EXERCISE BRIEF: Transcribe all data verbatim. Skip the pictures.

THE DATA:
::::
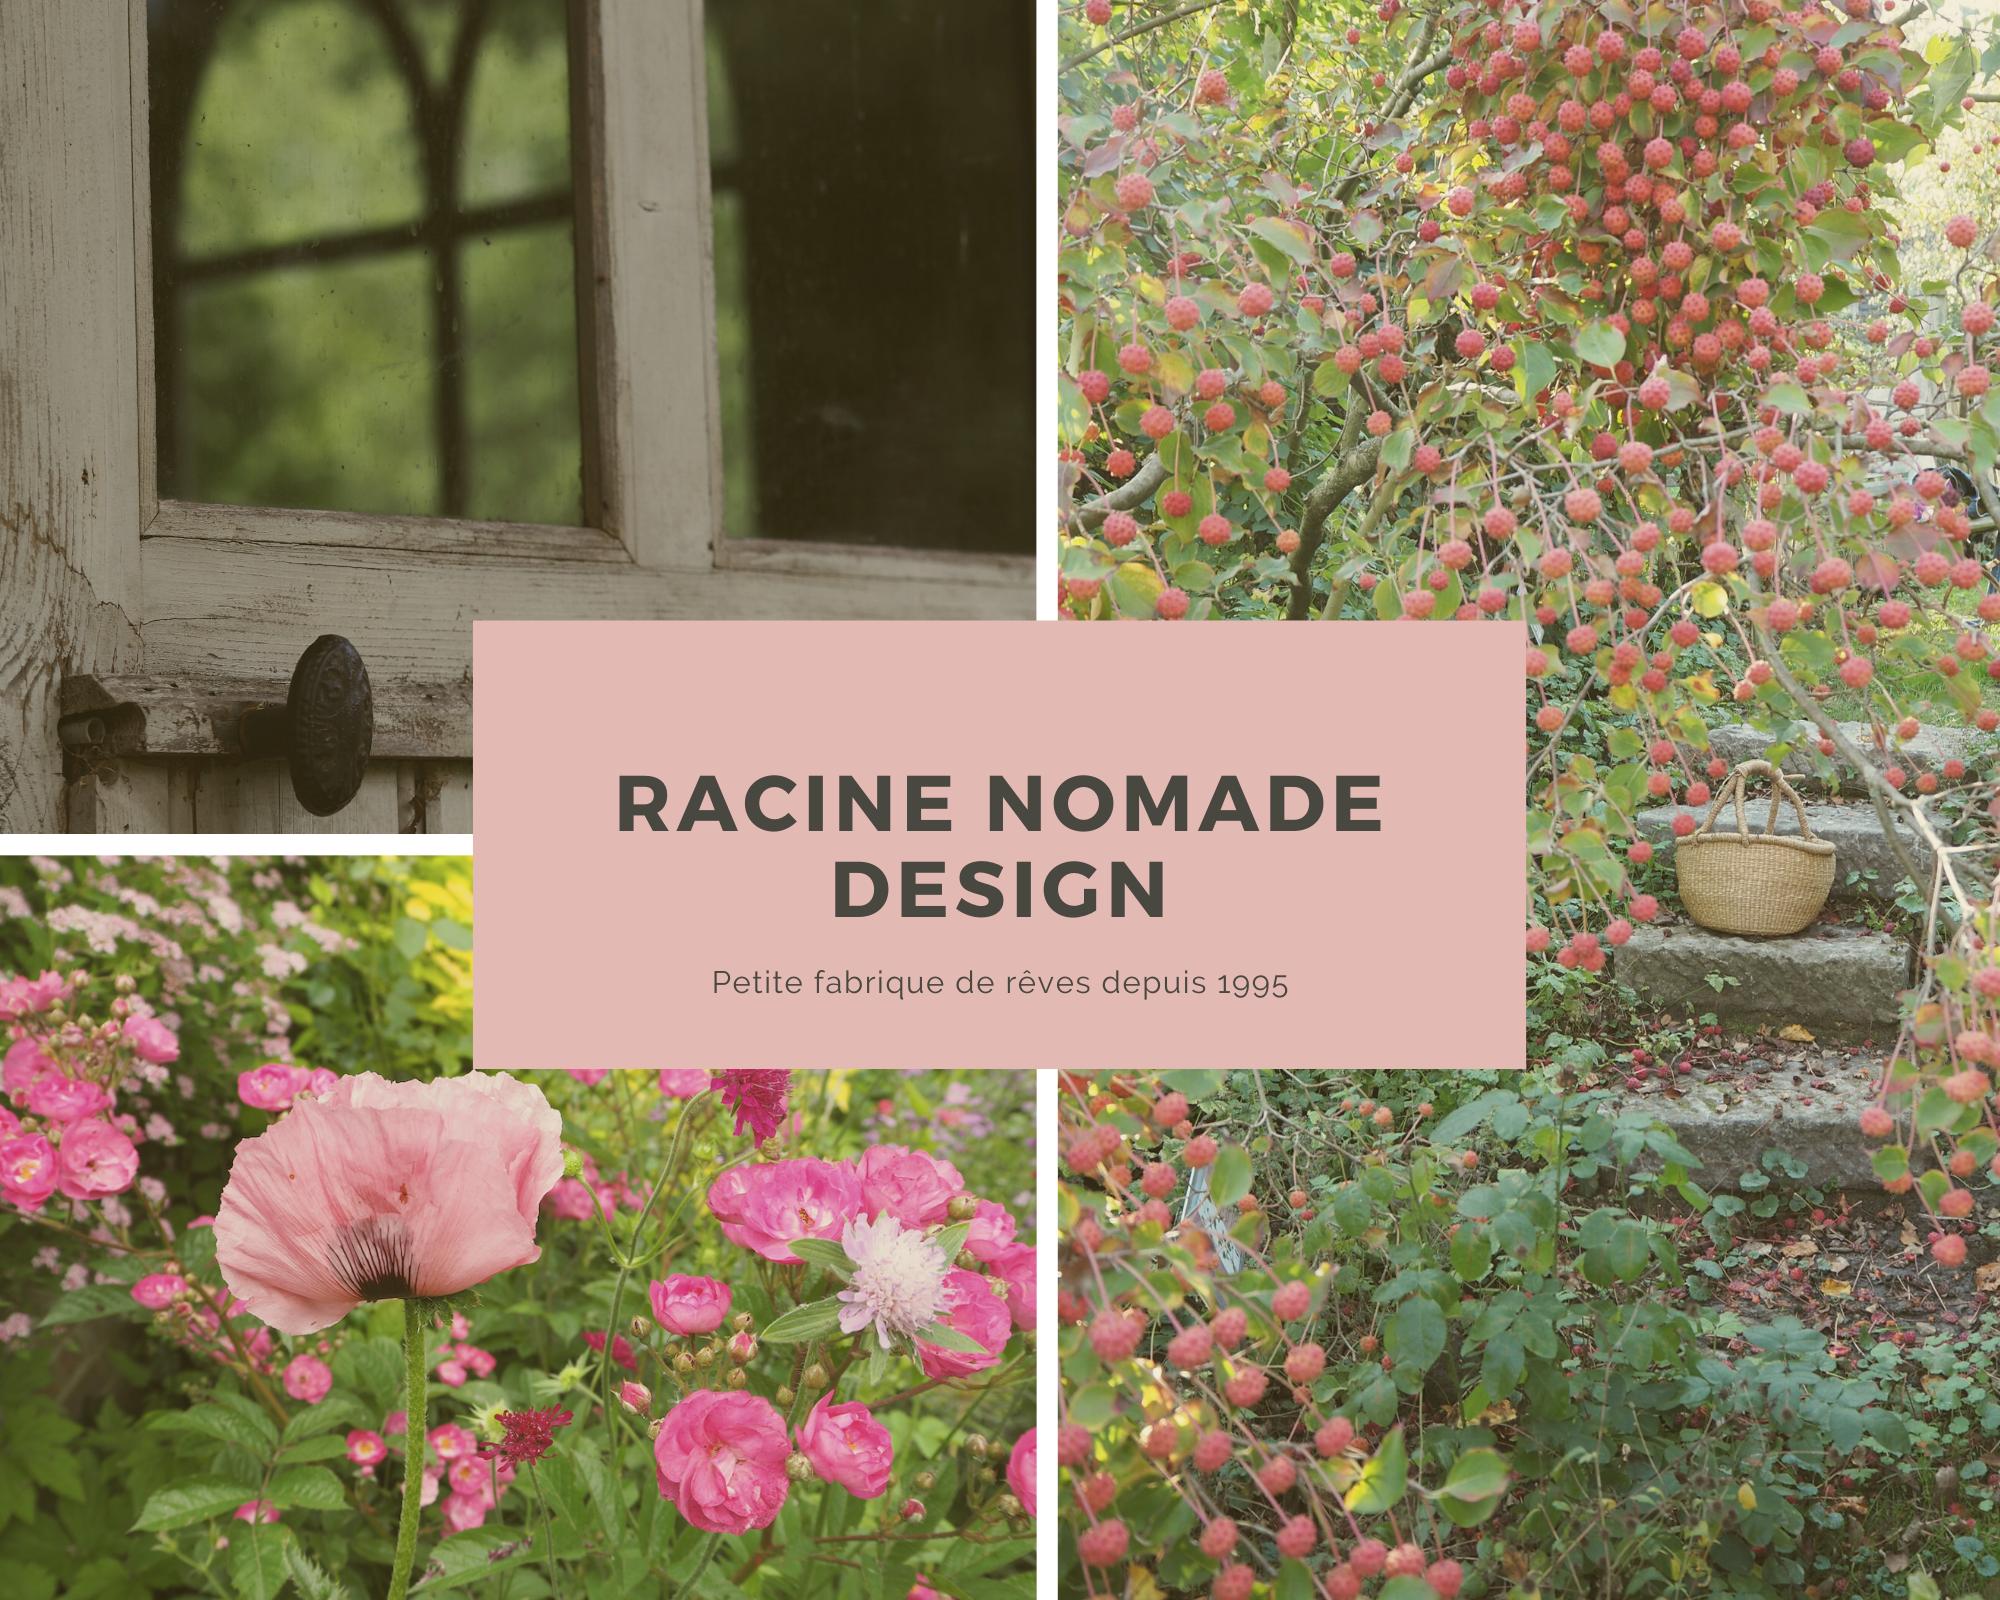 RACINE NOMADE Design
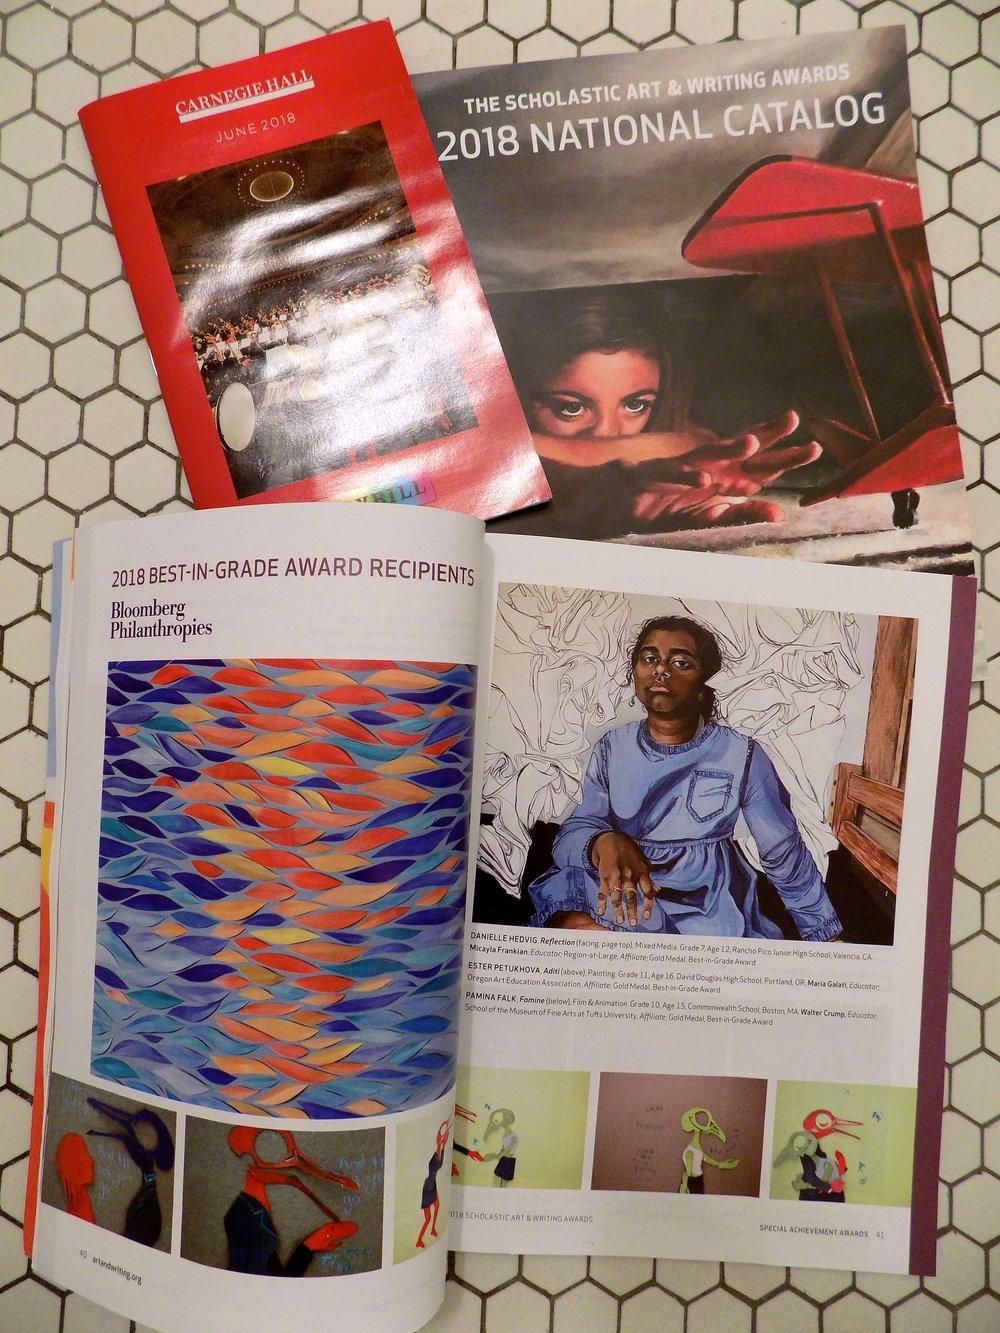 2018-ArtGrant-ScholasticPUBLICATIONS.jpg
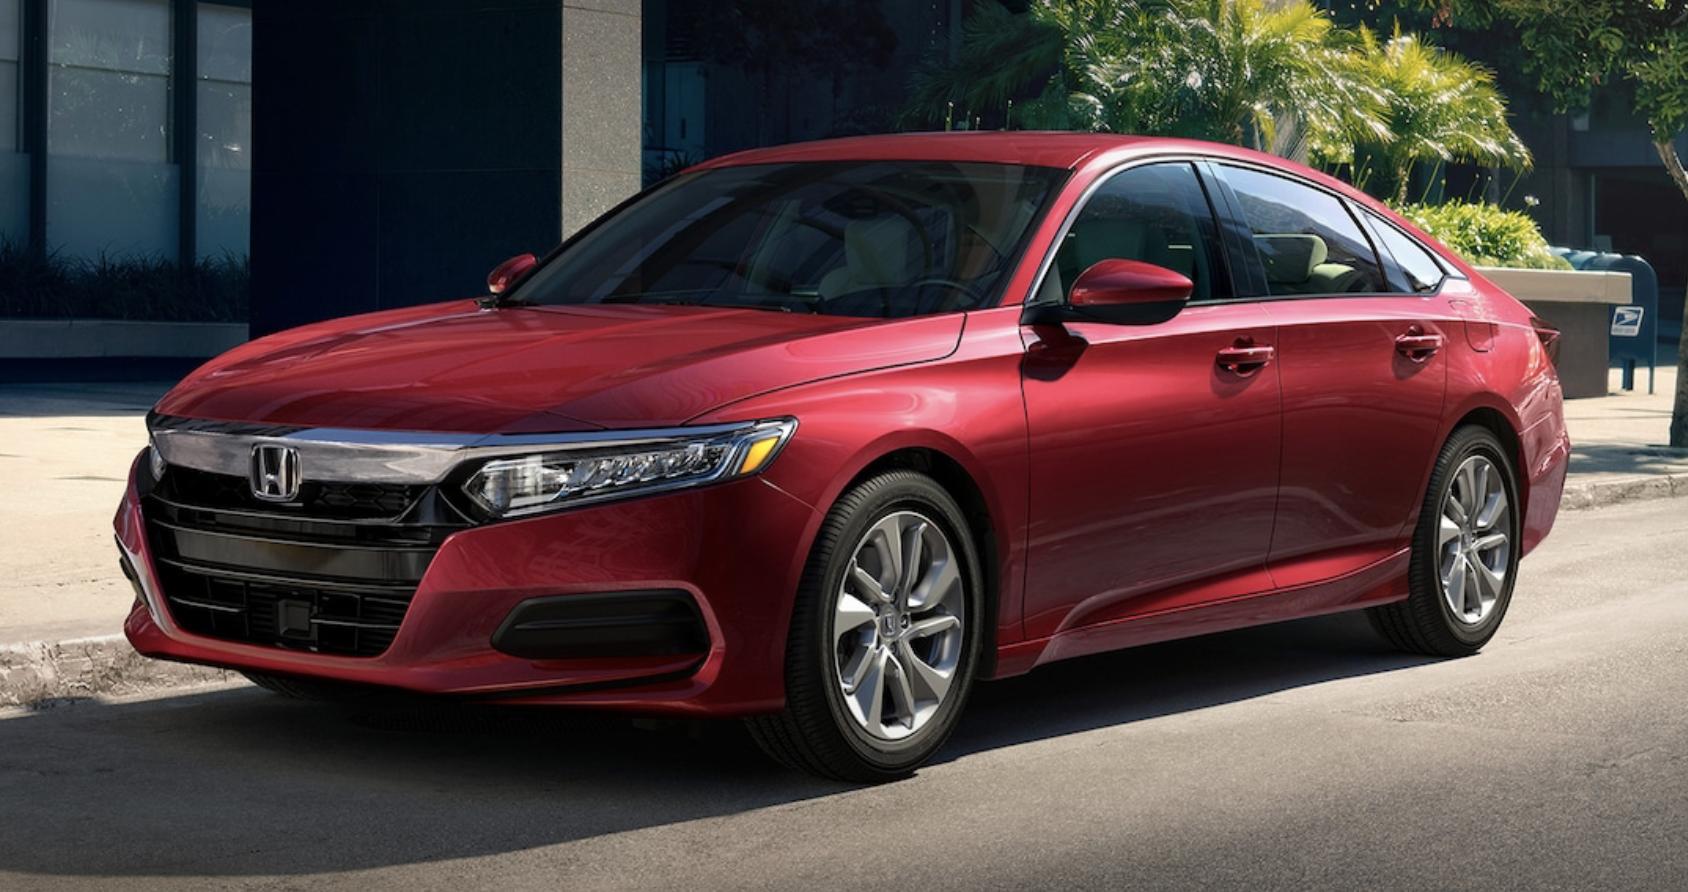 2020 Honda Accord in 2020 Honda accord coupe, Honda
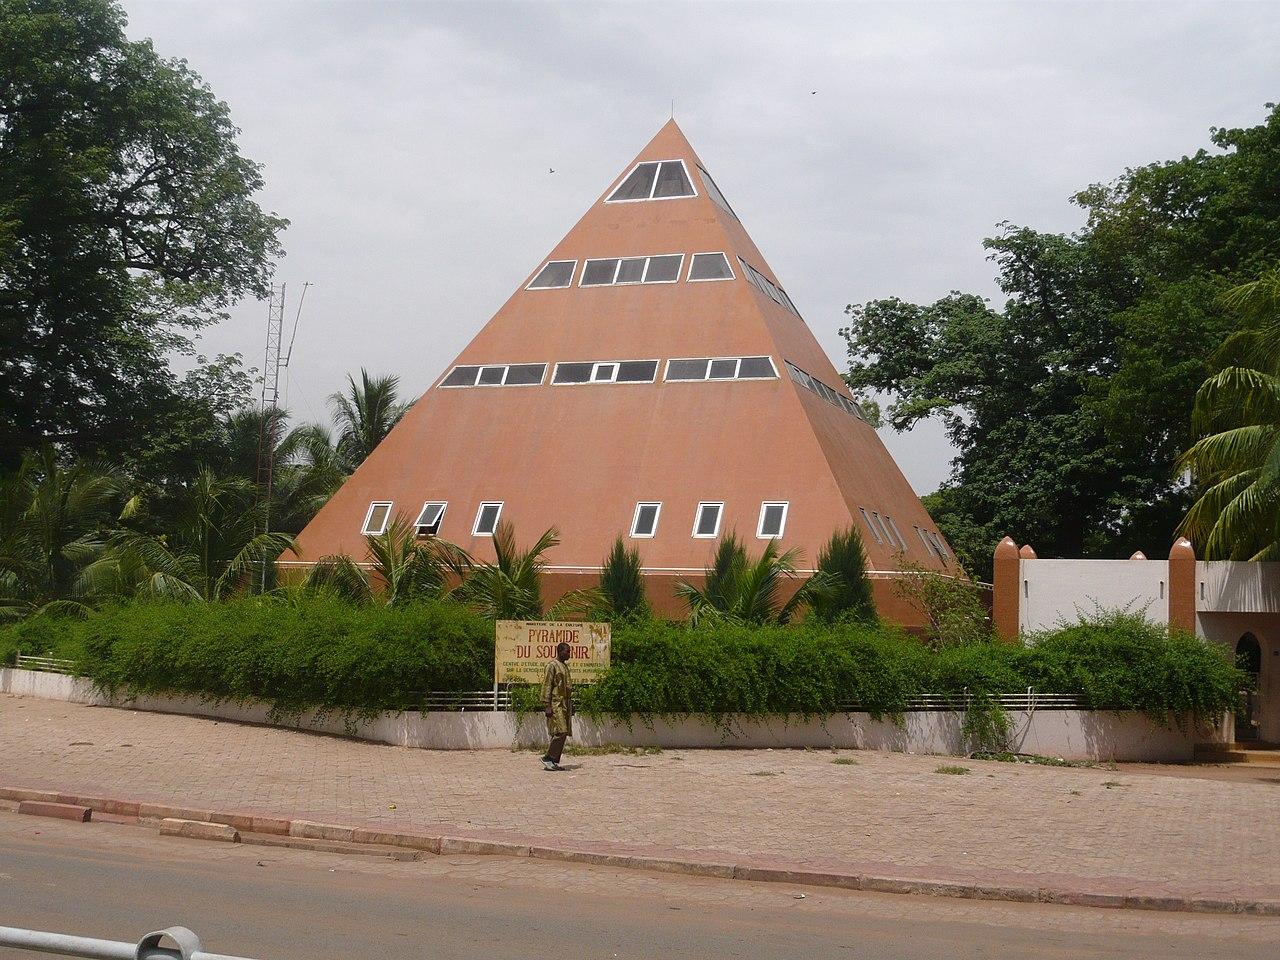 Anschlag auf das Radisson Blu Hotel in Bamako, Mali 1280px-Pyramide_du_souvenir_-_Bamako
::::
RESPONSE AREA:
 RACINE NOMADE Design
 2018-ArtGrant-ScholasticPUBLICATIONS.jpg
 2020 Honda Accord in 2020 Honda accord coupe, Honda
 Anschlag auf das Radisson Blu Hotel in Bamako, Mali 1280px-Pyramide_du_souvenir_-_Bamako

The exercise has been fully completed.